◆ TASK DESCRIPTION:
Using the records below, copy exactly the part that opens with the line holding "light blue ankle" and closes with the line holding "Characteristics of Jeepney", minus the pictures.
:: THE DATA
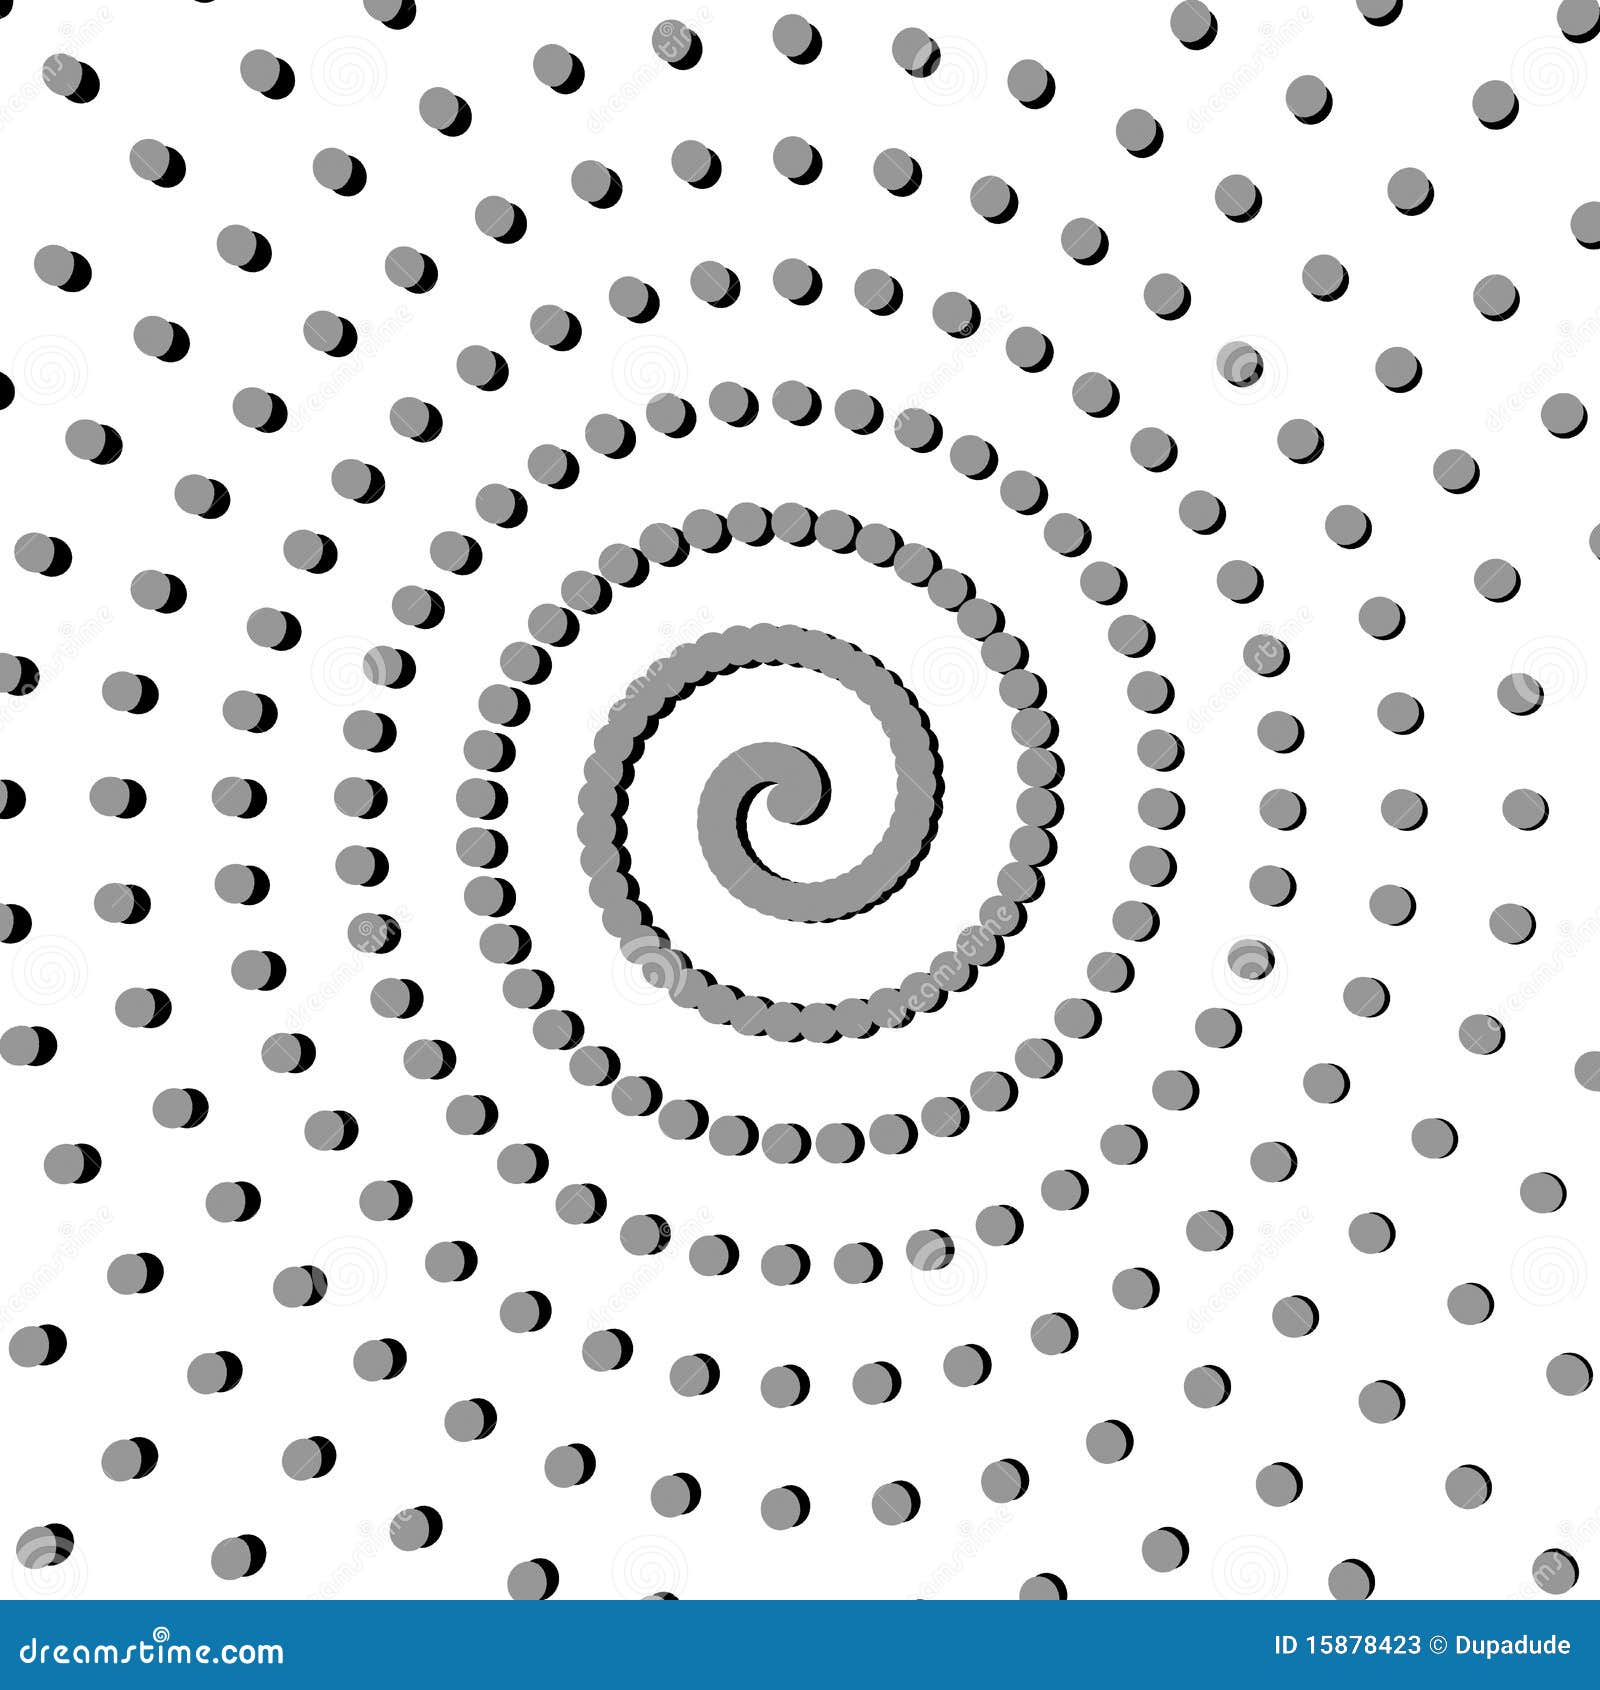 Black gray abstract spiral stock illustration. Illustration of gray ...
::::
:: THE DATA
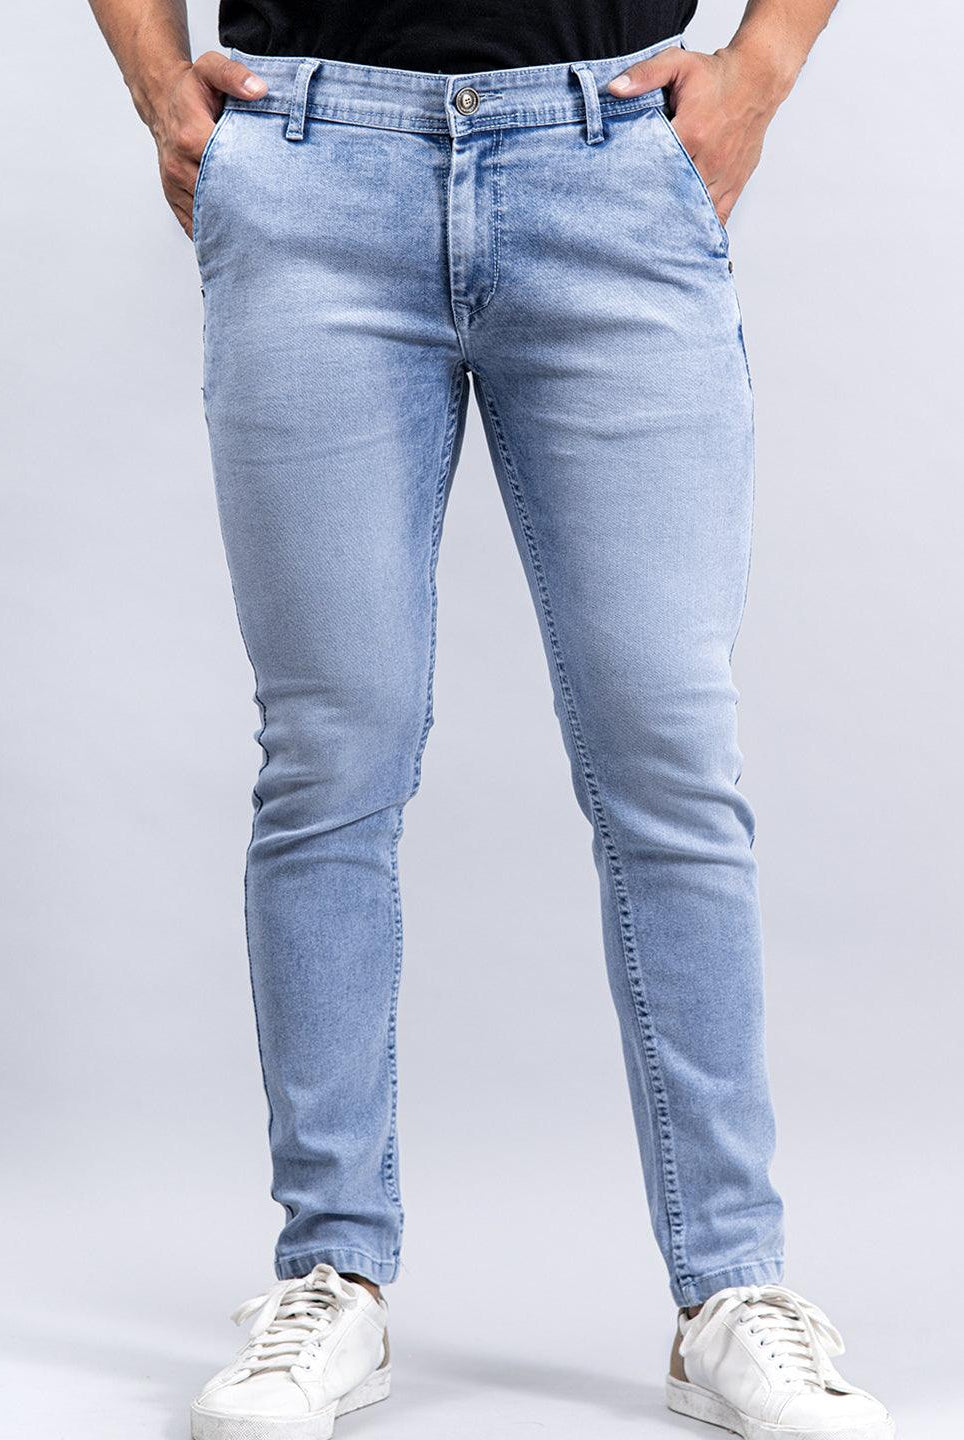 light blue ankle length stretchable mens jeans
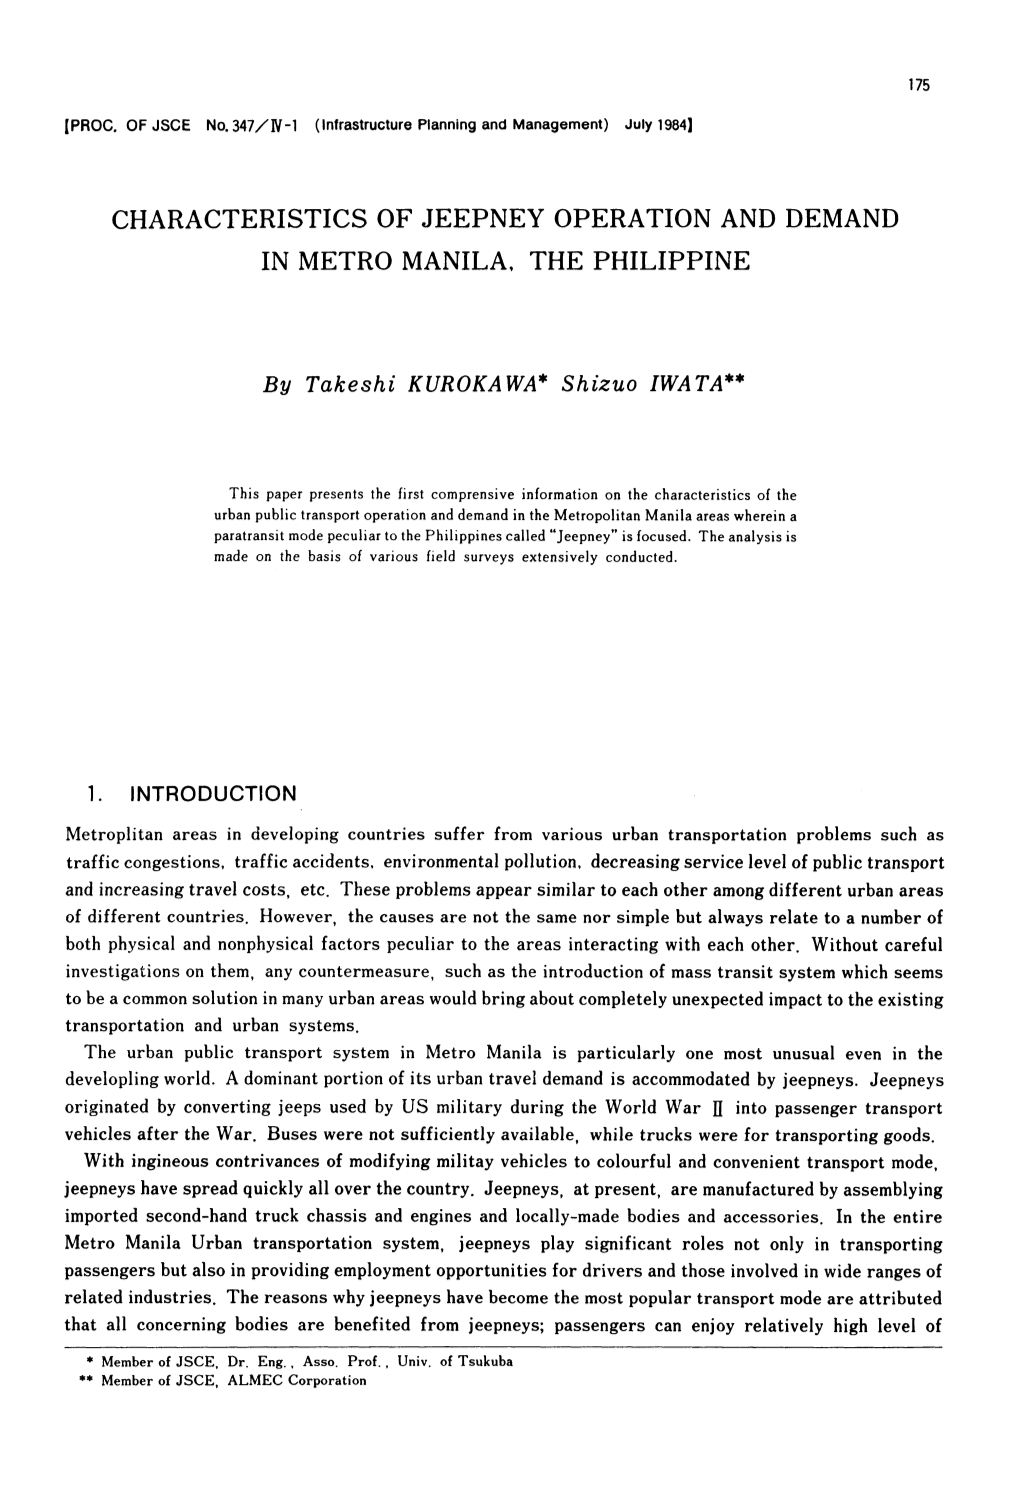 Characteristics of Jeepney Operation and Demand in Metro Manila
::::
◆ ANSWER SPACE:
 light blue ankle length stretchable mens jeans
 Characteristics of Jeepney Operation and Demand in Metro Manila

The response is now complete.